WORK INSTRUCTION - In the data below, find the line containing "The Ervand Kochar Museum of Armenia"; transcribe it and each line after it exactly, through the last, skipping pictures.

PROVIDED DATA -
*** Block opens ***

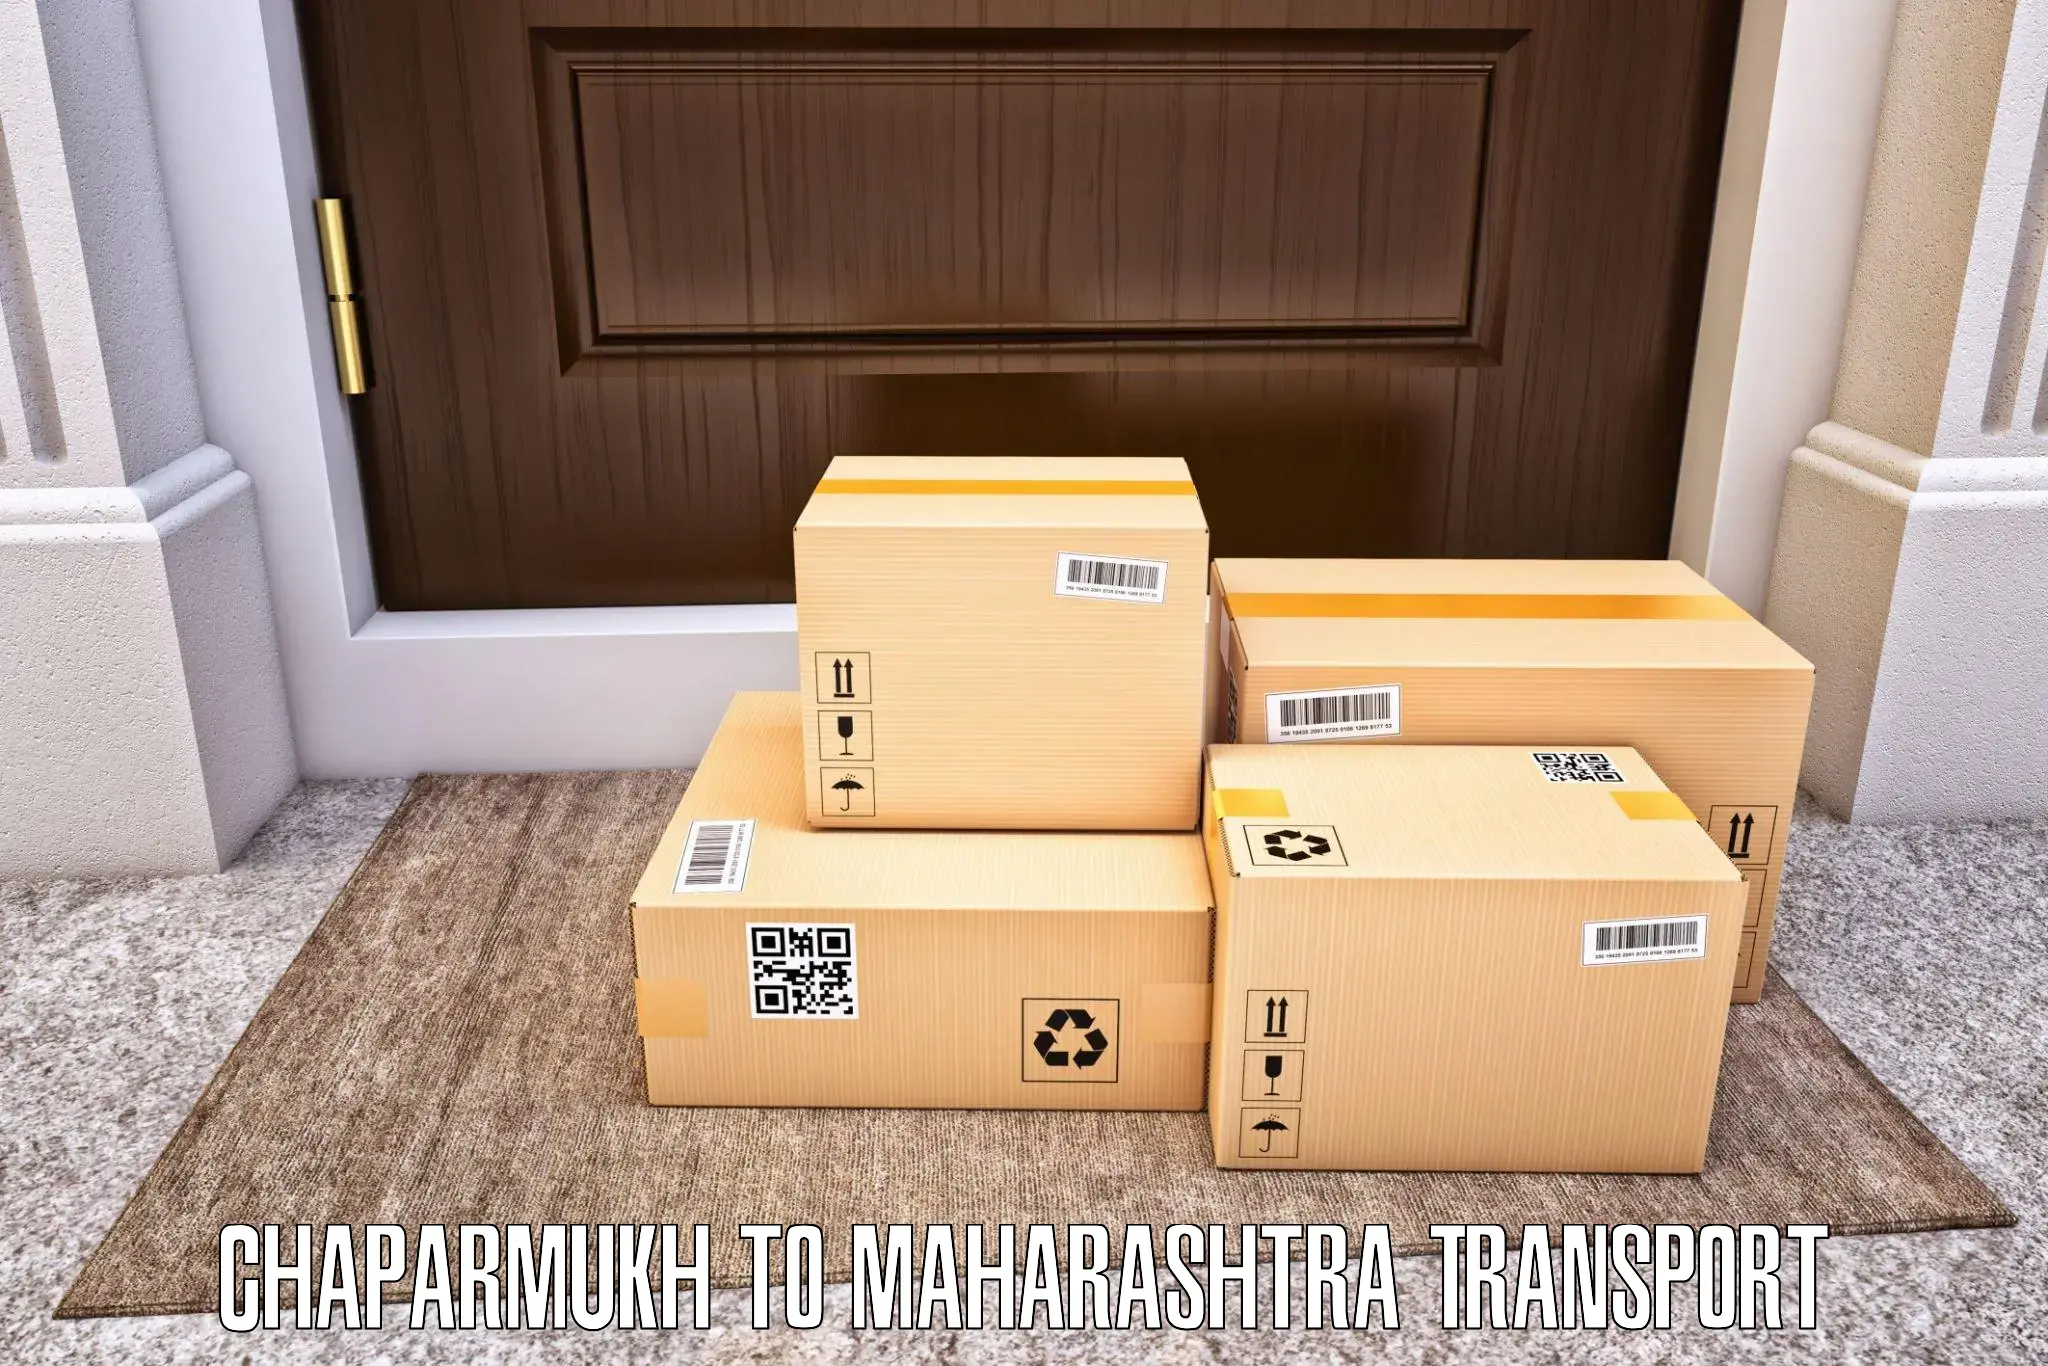 Two wheeler parcel service Chaparmukh to Wani
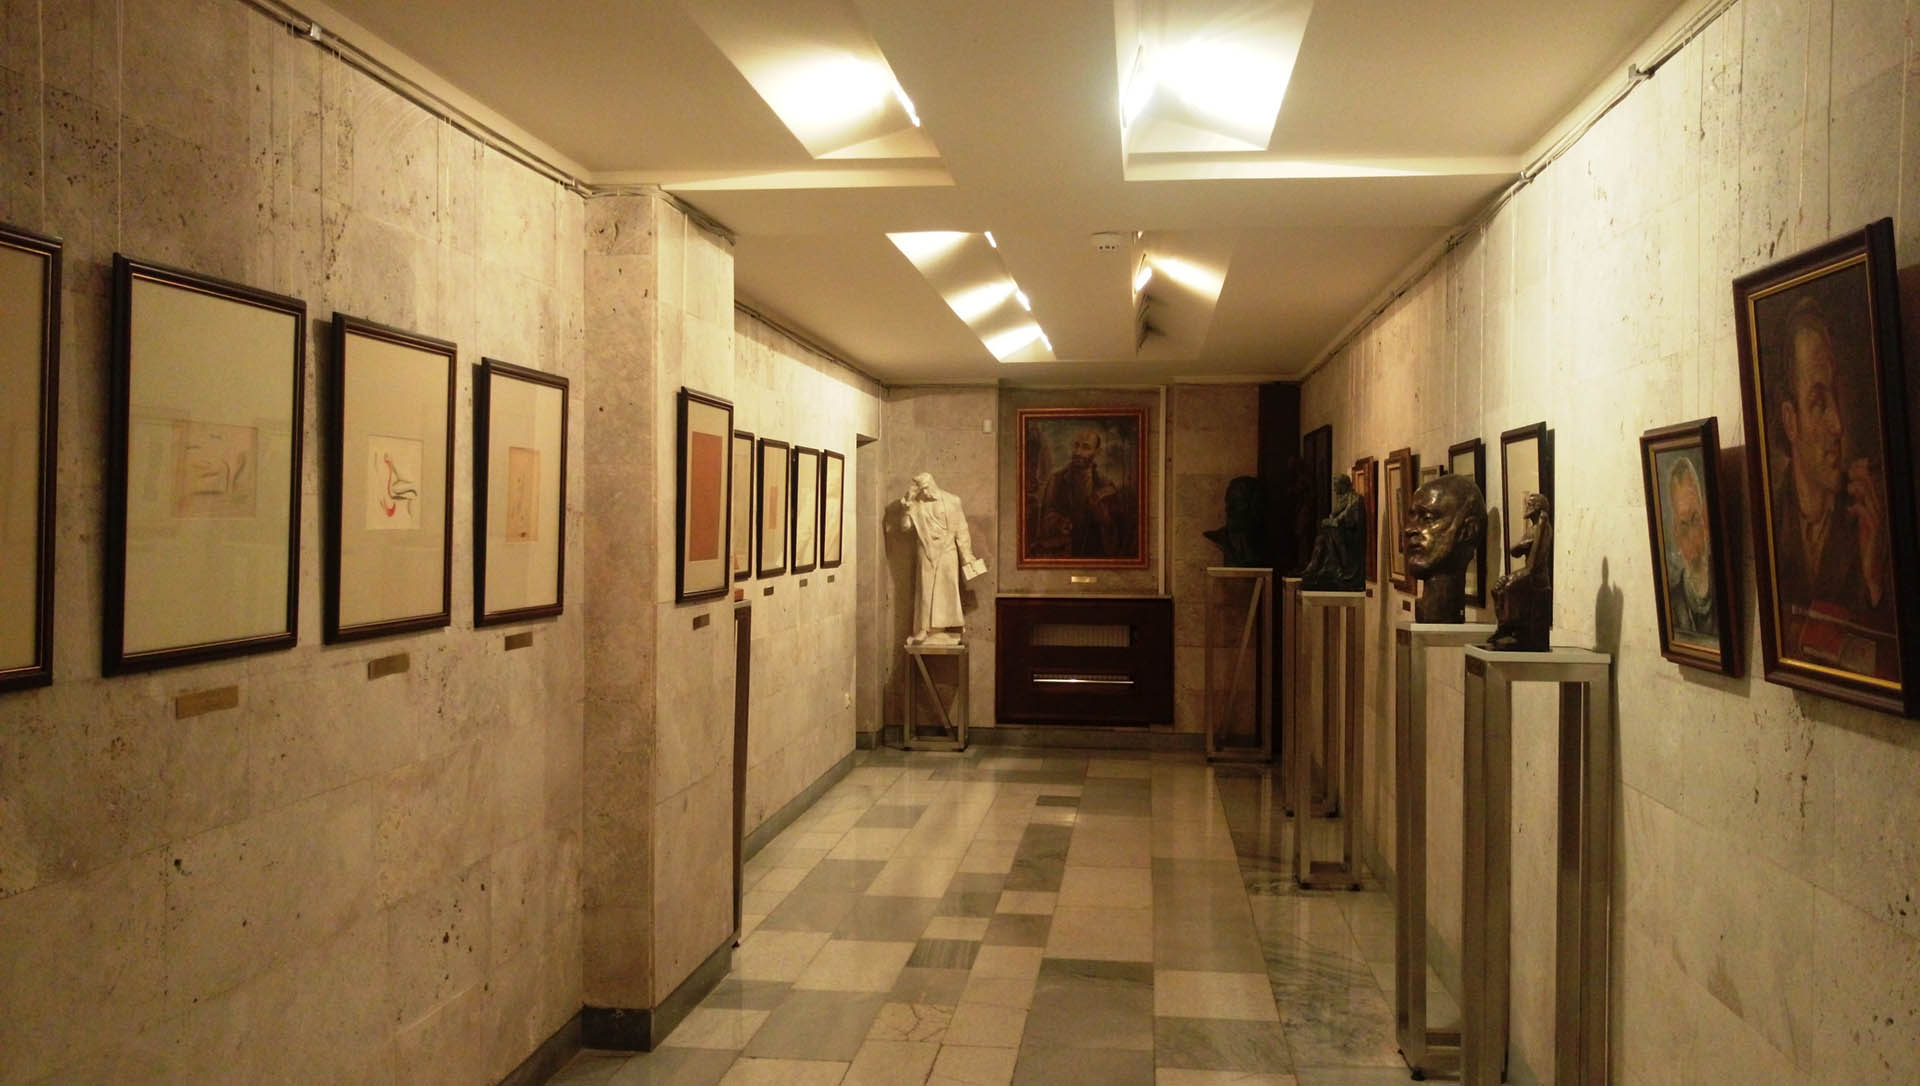 The Ervand Kochar Museum of Armenia
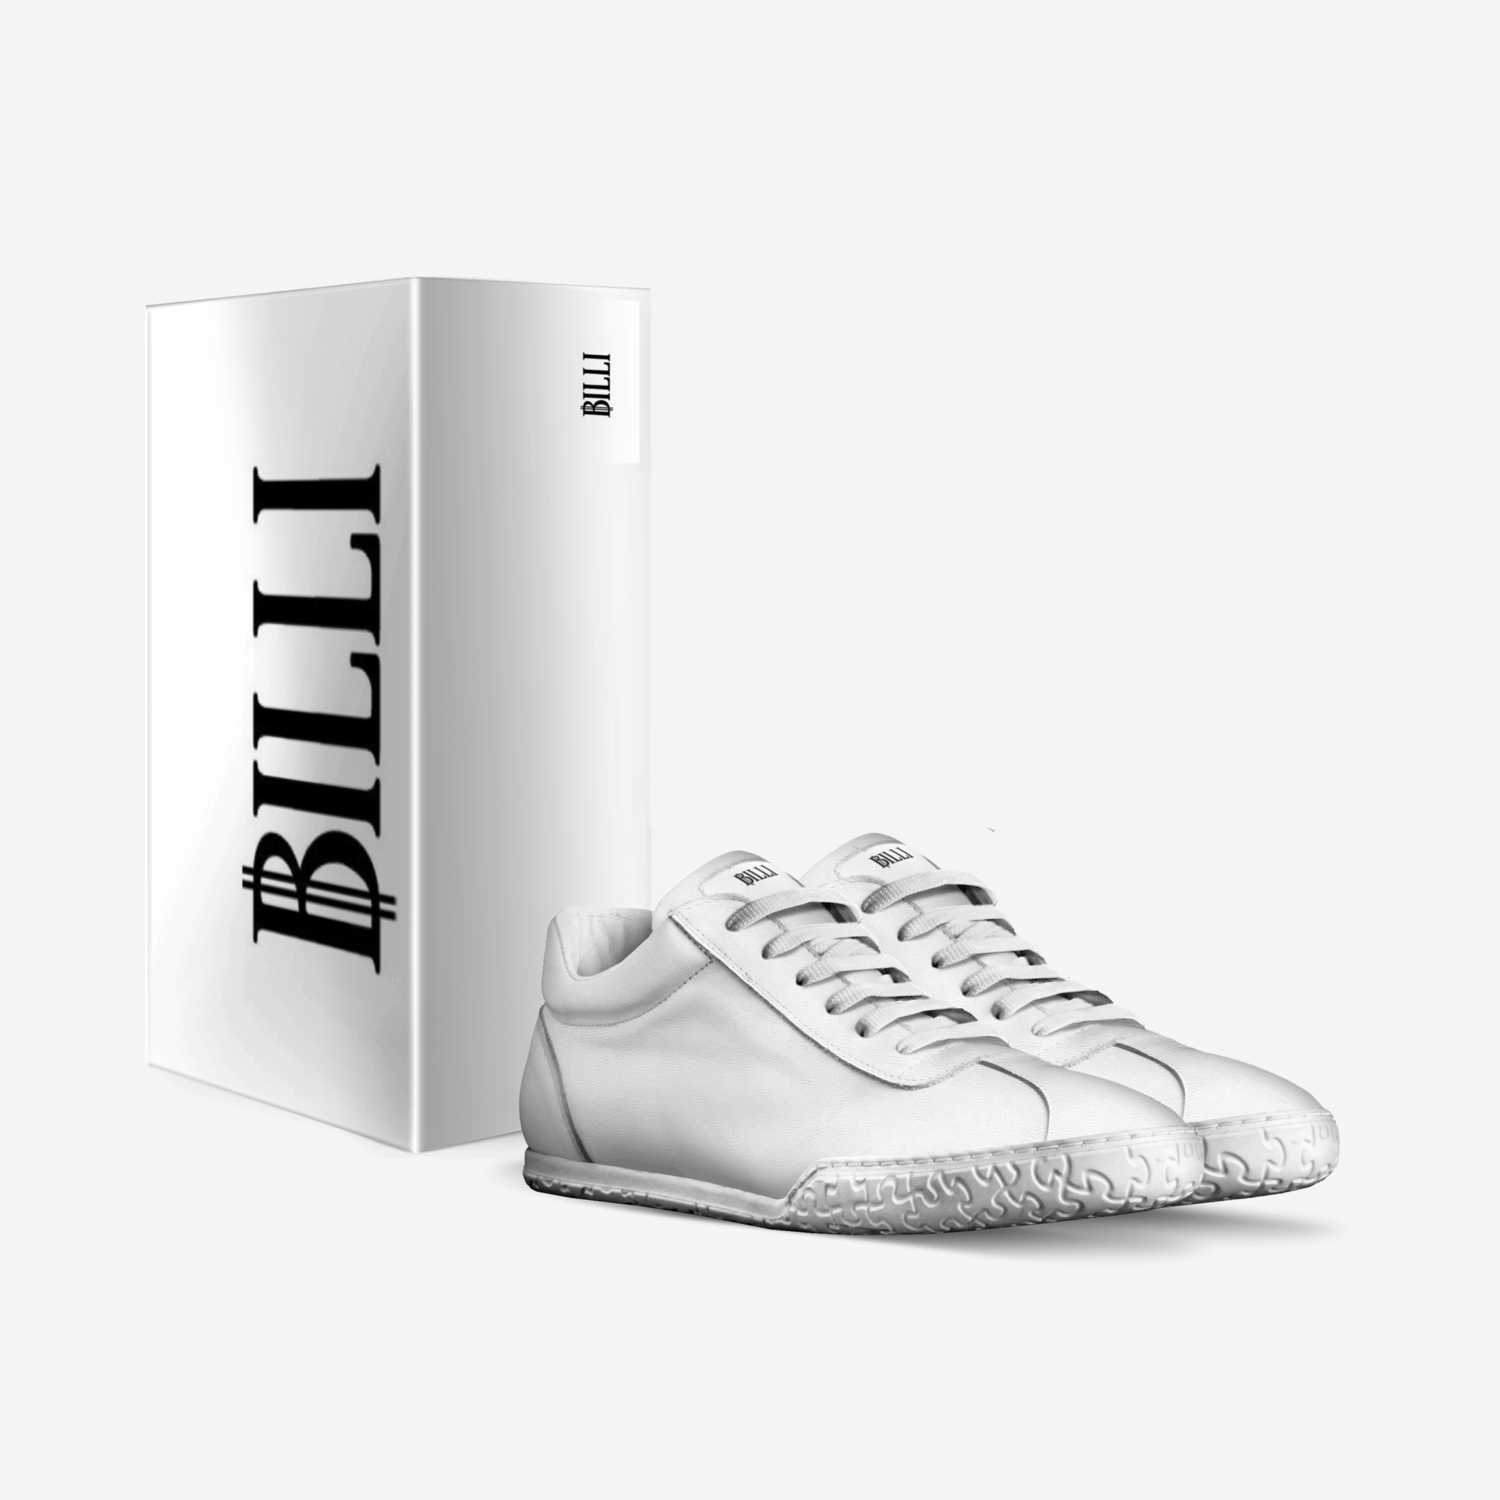 BILLI'$. custom made in Italy shoes by Zay Billi | Box view

*** Block closes ***

RESPONSE -
 The Ervand Kochar Museum of Armenia
 BILLI'$. custom made in Italy shoes by Zay Billi | Box view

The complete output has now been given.